Chris Lakey Glenn Roeder is concerned that Jamie Cureton will soon begin feeling the after-shock of a series of missed scoring opportunities. Cureton - 33 on Thursday - has now gone 10 games without a goal, since a hat-trick against his former club Colchester back in March.

Chris Lakey

Glenn Roeder is concerned that Jamie Cureton will soon begin feeling the after-shock of a series of missed scoring opportunities.

Cureton - 33 on Thursday - has now gone 10 games without a goal, since a hat-trick against his former club Colchester back in March.

He had the perfect opportunity to break his duck at Cardiff on Saturday when City were awarded a penalty after just eight minutes - five minutes after going behind - but he missed the target.

“Even a negative thinking person thinks you score a penalty,” said Roeder.

“It never crosses my mind that we are going to miss. Cureton needs a goal as well, badly, and we have to make sure it doesn't start to affect him in terms of his game, because if you look at last week against Blackpool he should have wrapped the game up in the first half, but he didn't.”

Cardiff were 2-0 up by the time Arturo Lupoli was introduced on 73 minutes - but eight minutes later it was all square as the Italian bagged goals one and two of his City career.

“The second goal especially pleased me - I think heading has become a lost art in the modern game.

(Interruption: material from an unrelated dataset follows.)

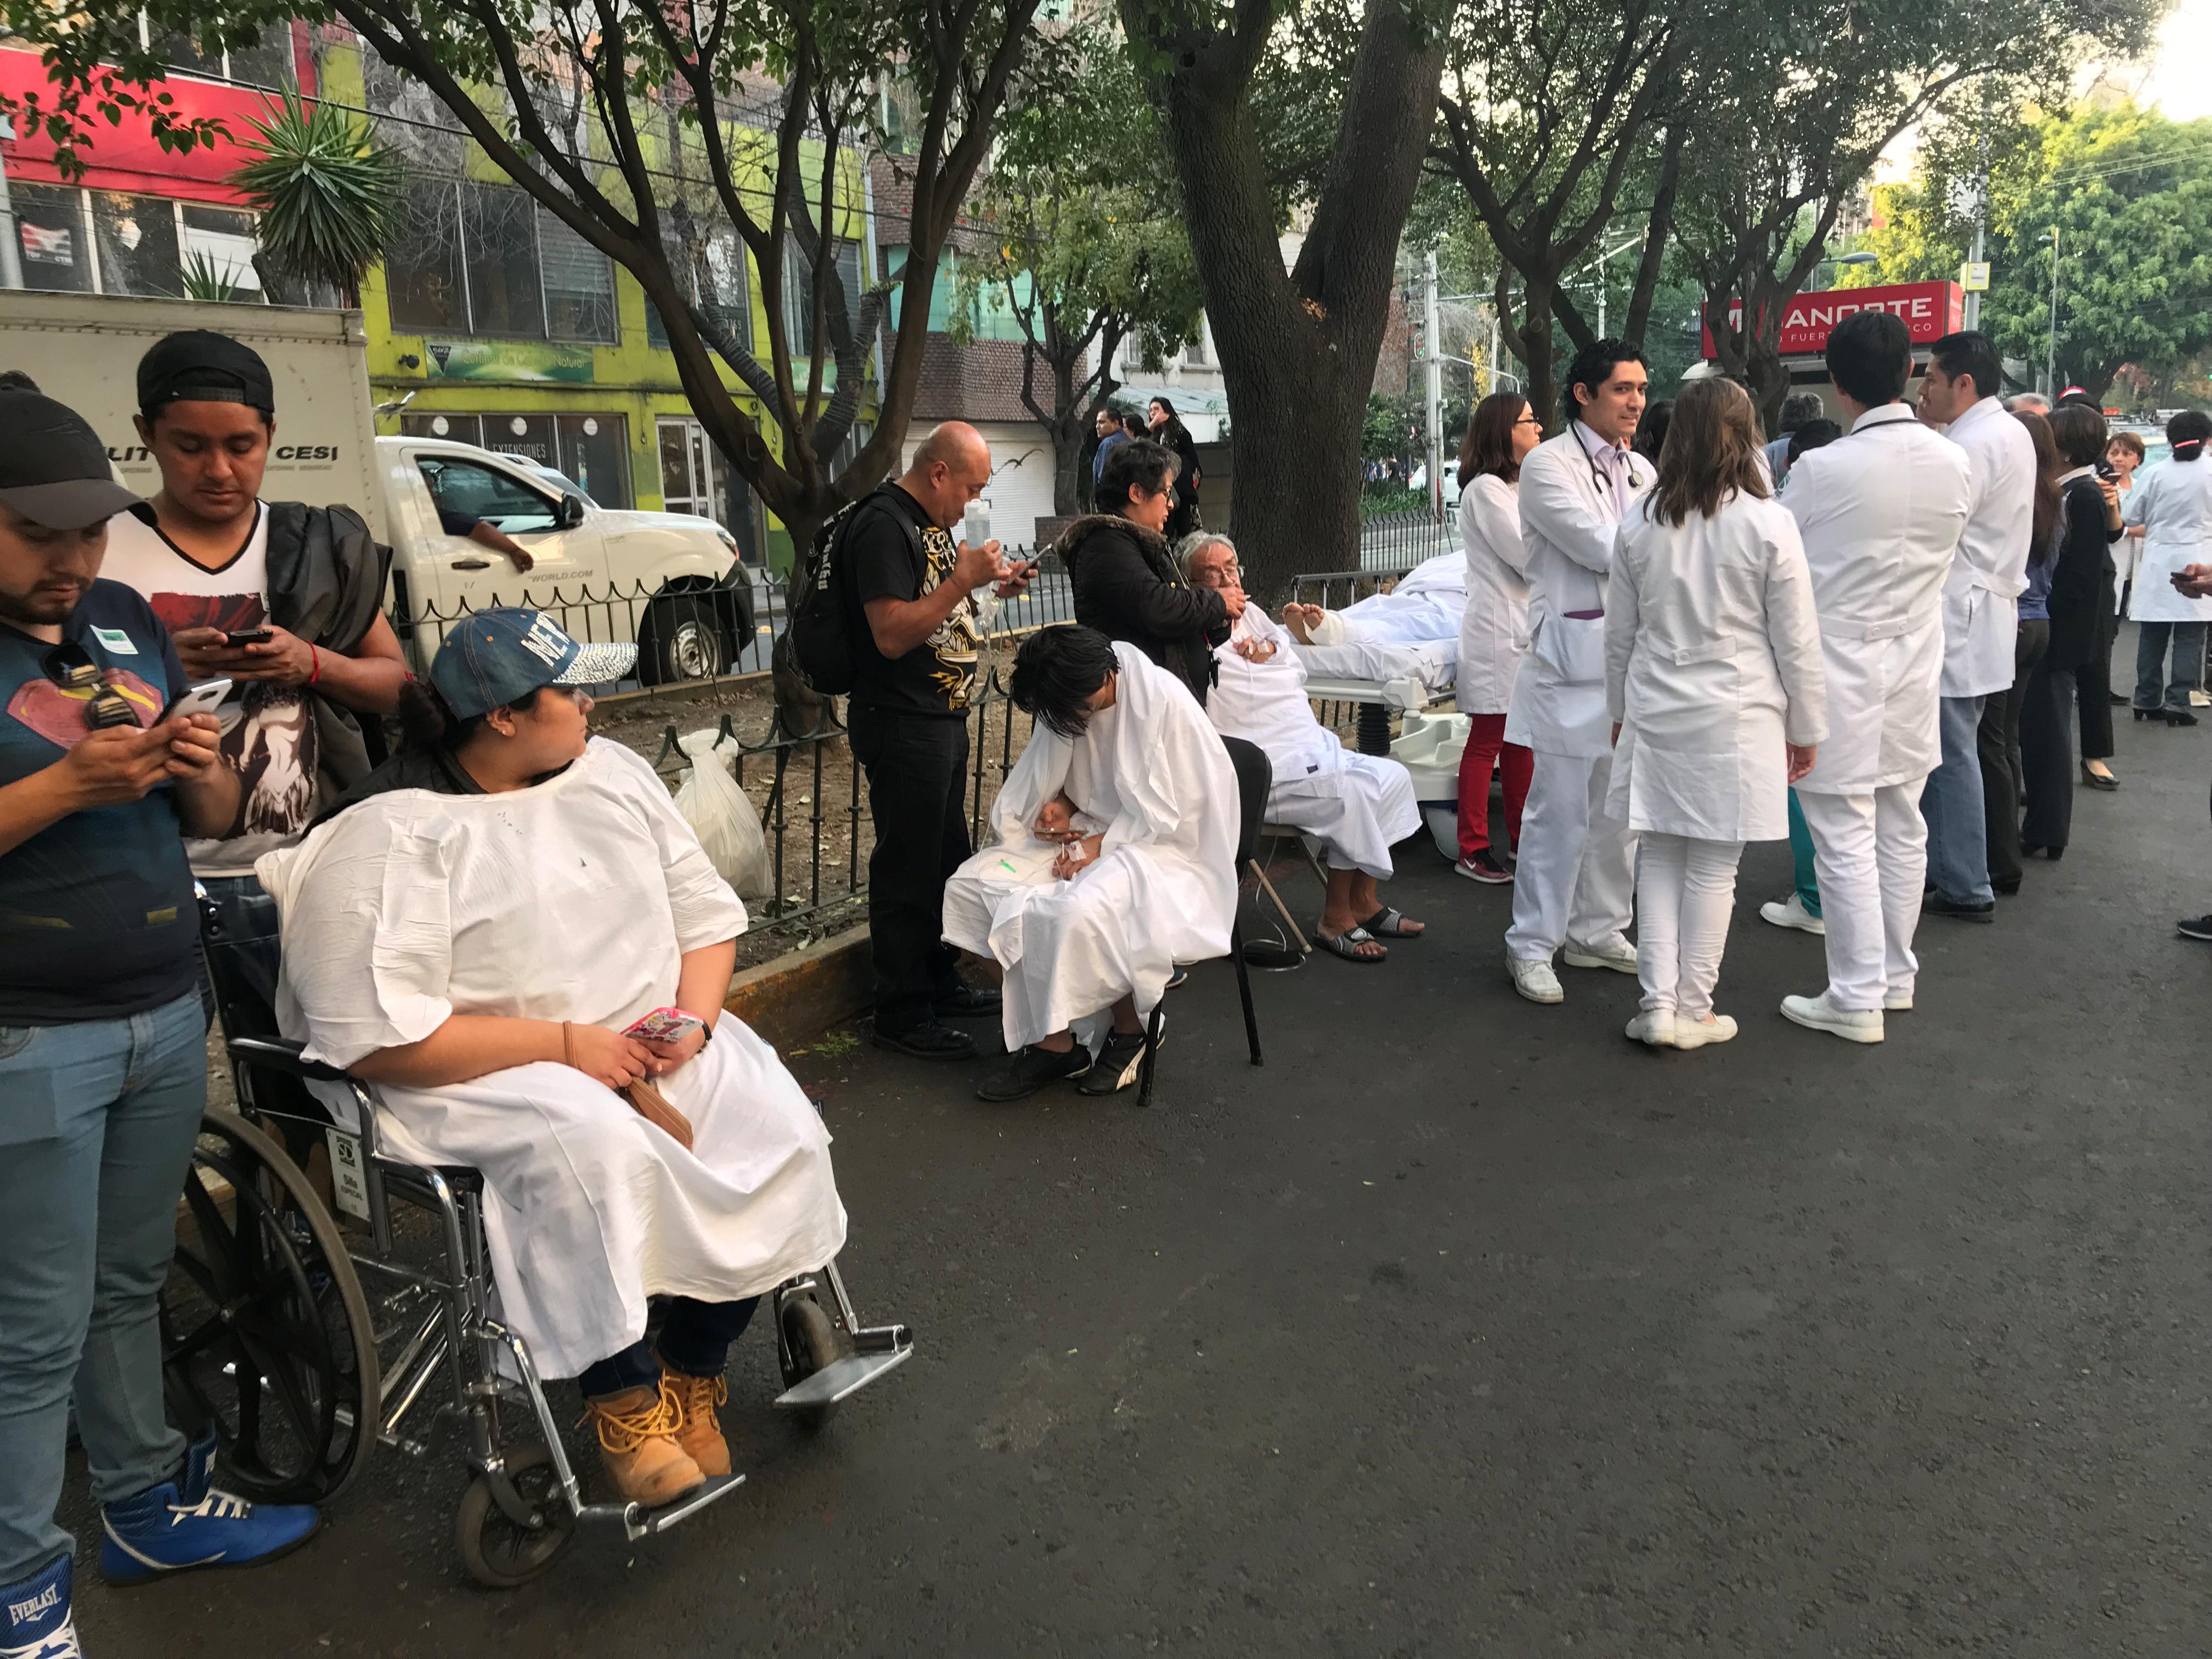 عدد من المكسيكيين يتلقون الرعاية الطبية

He angled that ball away very, very well,” said Roeder.

“He is unbelievably enthusiastic, he gives everything when he is playing. You can see by the energy he puts in closing defenders down. The motivation is there, I believe the ability is there, if we can just get it out of him on a regular basis. I am looking forward to working with him this season.”

Roeder admitted that while he was happy enough with the point, there was a tinge of regret that City hadn't got all three.

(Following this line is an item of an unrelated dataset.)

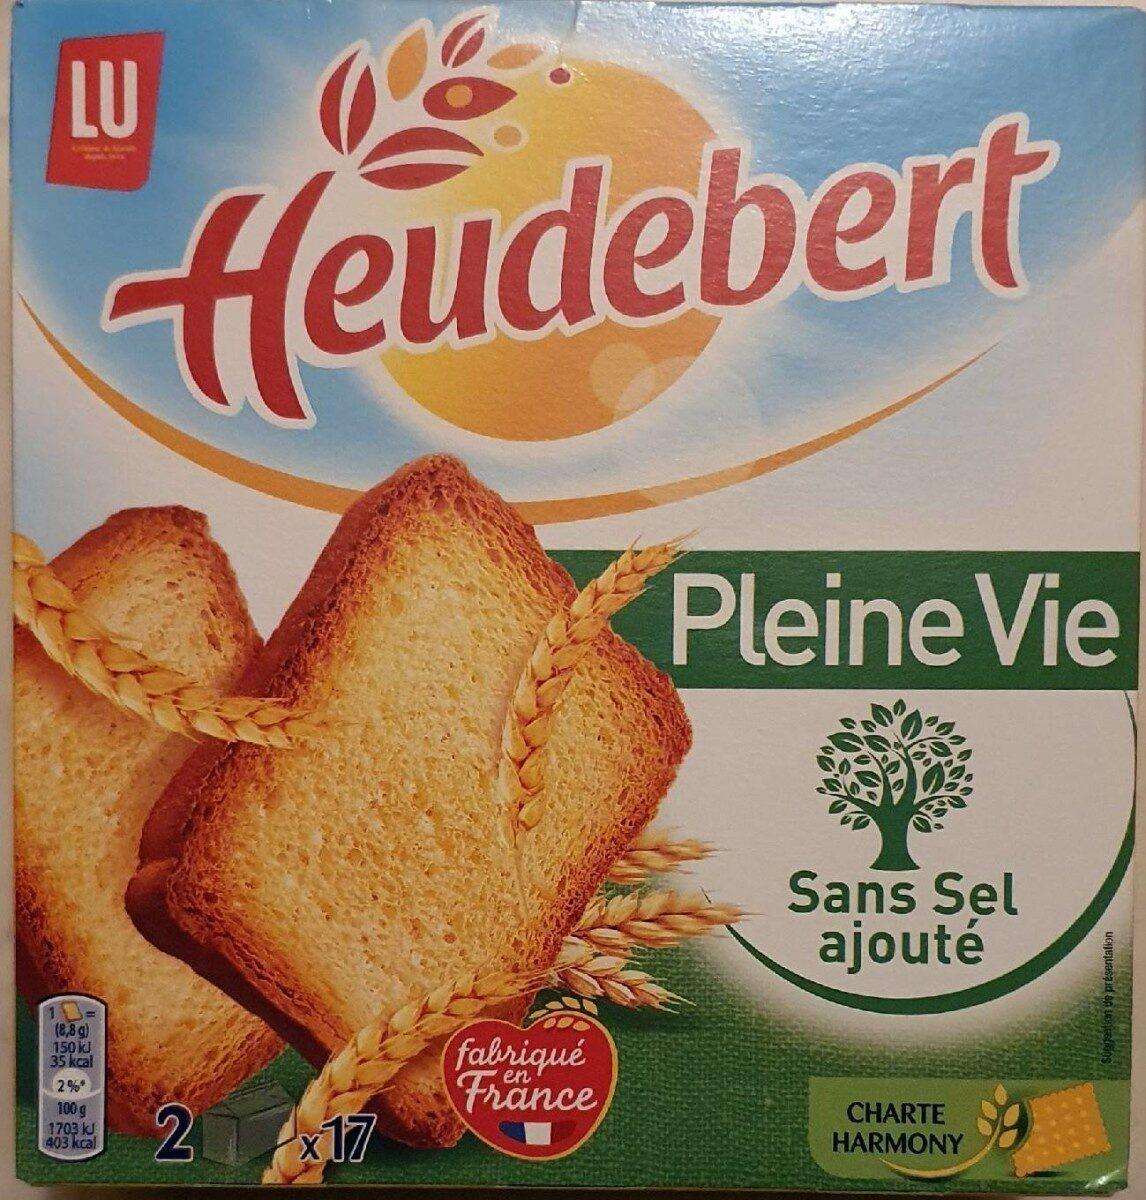 Heudebert biscottes sans sel ajouté - Product - fr

“It was a very strong finish, if there was going to be another goal scored I would have fancied us to score it,” he said. “I'm not being a greedy person, not today anyway, we have to settle for a point because with 15 minutes to go, I didn't think we deserved to be 2-0 down on the balance of play.

“But we were and we needed to do something about it and thankfully Arturo Lupoli did something about it.

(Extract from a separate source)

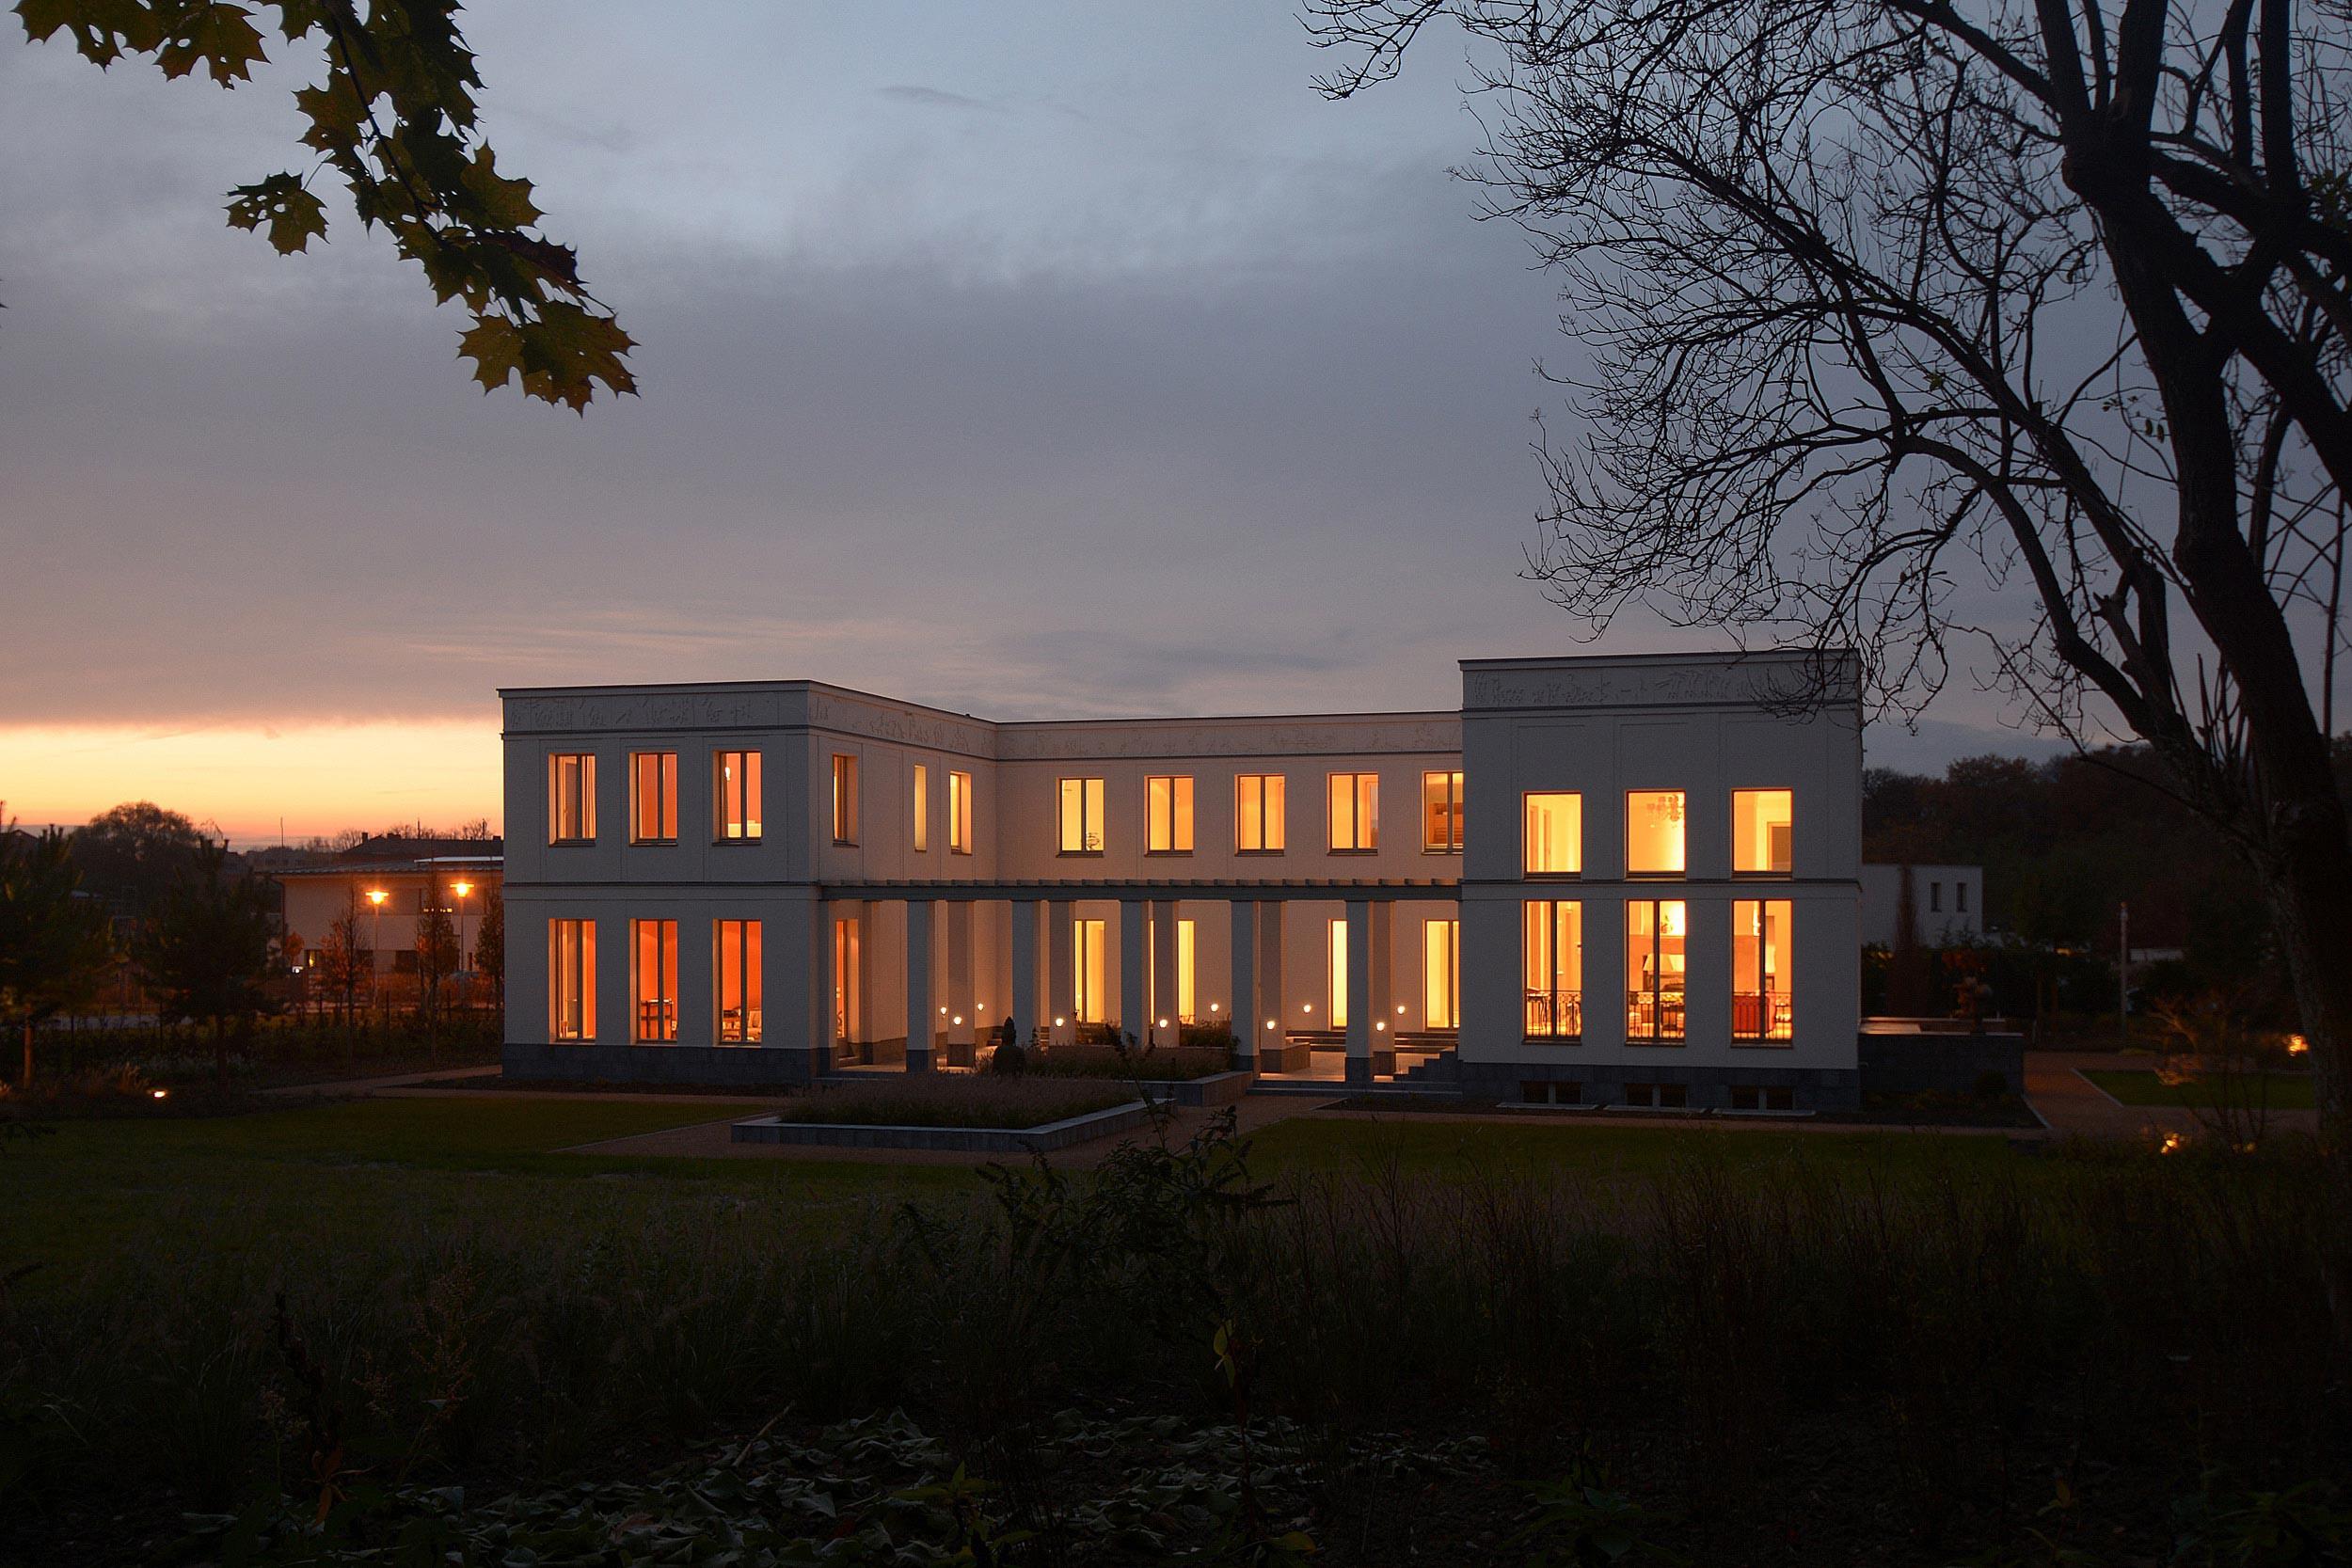 KLASSIK UND TRADITION - Neubau klassizistische Villa - Bei Nacht besitzt der Innenhof einen besonderen Reiz.

“There are lots of teams, on 77 minutes and two down, who virtually throw the towel in. That's the last thing we did; we kept chasing, we kept putting Cardiff under pressure and one thing that we are this year and this will get even better, is we are super fit. We are lasting the 90 minutes quite easily, we have changed the fitness regime at the club, we have new fitness coaches in and I think that's paying off.

“It is definitely a point gained. The dressing room was both happy and subdued because the standards they have set themselves and we have set them are so high they shouldn't be 2-0 down in the first place.

“So I'm grateful to get the point but hugely disappointed we have not taken all three. We certainly have to stop giving penalties away - that's three in three games.